Hello friends,
My name is Evidence and I am a Statistician. Yes, that means I went through school and obtained 3 University degrees, one being a B.Sc. in pure mathematics, and an M.Sc. Statistics for good measure. I am also an avid gamer.
As we know, Thunderstruck trees are of major interest to the playerbase of Archeage, due to the fact that they are worth a lot of gold. A lot of anecdotal evidence and a little research has brought us to where we stand today. We know that TS can occur anywhere. We know it can occur at different times in a tree's lifespan. We know it can occur in the wild. We know a little about which trees can become thunderstruck, and which ones seem to be more likely. We believe that trees with longer lifespans have higher chances.
We are here today to improve our understanding in hopes of finding a strategy to optimize our tree-growing for the best chance to be struck by lightning. I aim to provide you with a clear, concise explanation of how this works, and we will do our best to avoid the ignorance of statistics and probability that seems to pervert every thread surrounding randomness in video games.
We are going to use the data provided in this thread: http://forums.archeagegame.com/showt...uck-Ratio-Data
The data here is useful, but does not explicitly tell us what the chance of a tree becoming Thunderstruck over it's lifetime. Instead, it tells us the probability at each stage. I have created a tree diagram (get it?) to illustrate the situation.
As we can see, the probability of a tree becoming thunderstruck over its lifetime is given by the formula:
P(T) = a + b(1-a) + c(1-b)(1-a)
Where a is the probability of success in Stage 1, b the probability of success in Stage 2, and c the probability of success in stage 3.
So how does it work? Let's do an example.

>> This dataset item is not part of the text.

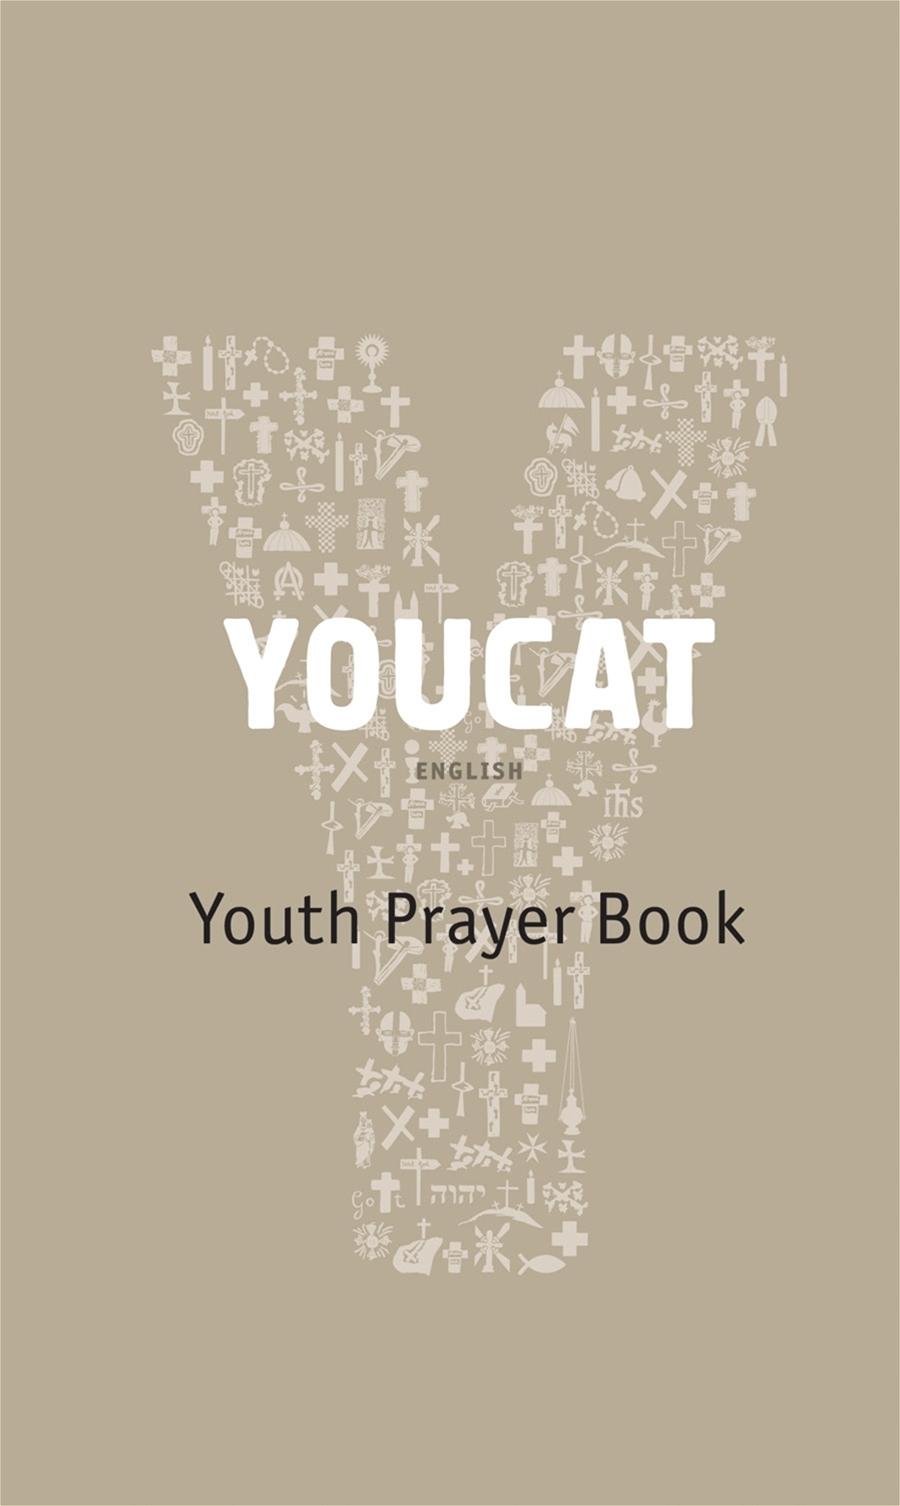 YOUCAT Youth Prayer Book

From the aforementioned thread:
Pine (6x6)
Small Sapling to Sapling: 6h 51m 30s
Chance for Thunderstruck: 0.09%
Sapling to Small Tree: 1d 3h 26m
Chance for Thunderstruck: 0.14%
Small Tree to Tree: 1d 10h 17m 30s
Chance for Thunderstruck: 0.23%
So for pine trees, a = 0.0009, b = 0.0014, c = 0.0023
Using our formula, we get:
P(T) = 0.0009 + (0.0014)(0.9991) + (0.0023)(0.9991)(0.9986)
P(T) = 0.004593452898
Therefore, with one Pine tree, there is a 0.459345% chance it will become Thunderstruck.
You can plant 10 Pine trees on one 16x16 farm, and using the Binomial distribution, you would have a 10*0.00459345*(1-.00459345)^9= 0.04407 or 4.407% chance to get one on your Pine farm.
Similarly, a Cedar tree has a 0.159921012% chance of getting TS. You can fit 20 Cedars on a large farm, giving you a 0.031026 or 3.1% chance to get a TS on your Cedar farm.
Theoretically, you can grow 2 and 2/3 Cedar crops in the time it takes to grow 1 pine crop (2 days). Therefore, over a 2 day period, filling your farm with Pine gives you a 4.407% chance to yield a TS, while filling your farm with Cedar over that same period would give you a 8.27% chance.
These probabilities are for the chance of getting one TS tree on your farm. It is also possible to get more than one. You can use 1-(1-p)^n to calculate the probability of getting at least one.
You can calculate the same probabilities for any of the trees we have data for, and I invite you to do so. Please feel free to ask any questions, and I will do my best to debunk any junk stats other readers try to throw at us.
Thank you for your time!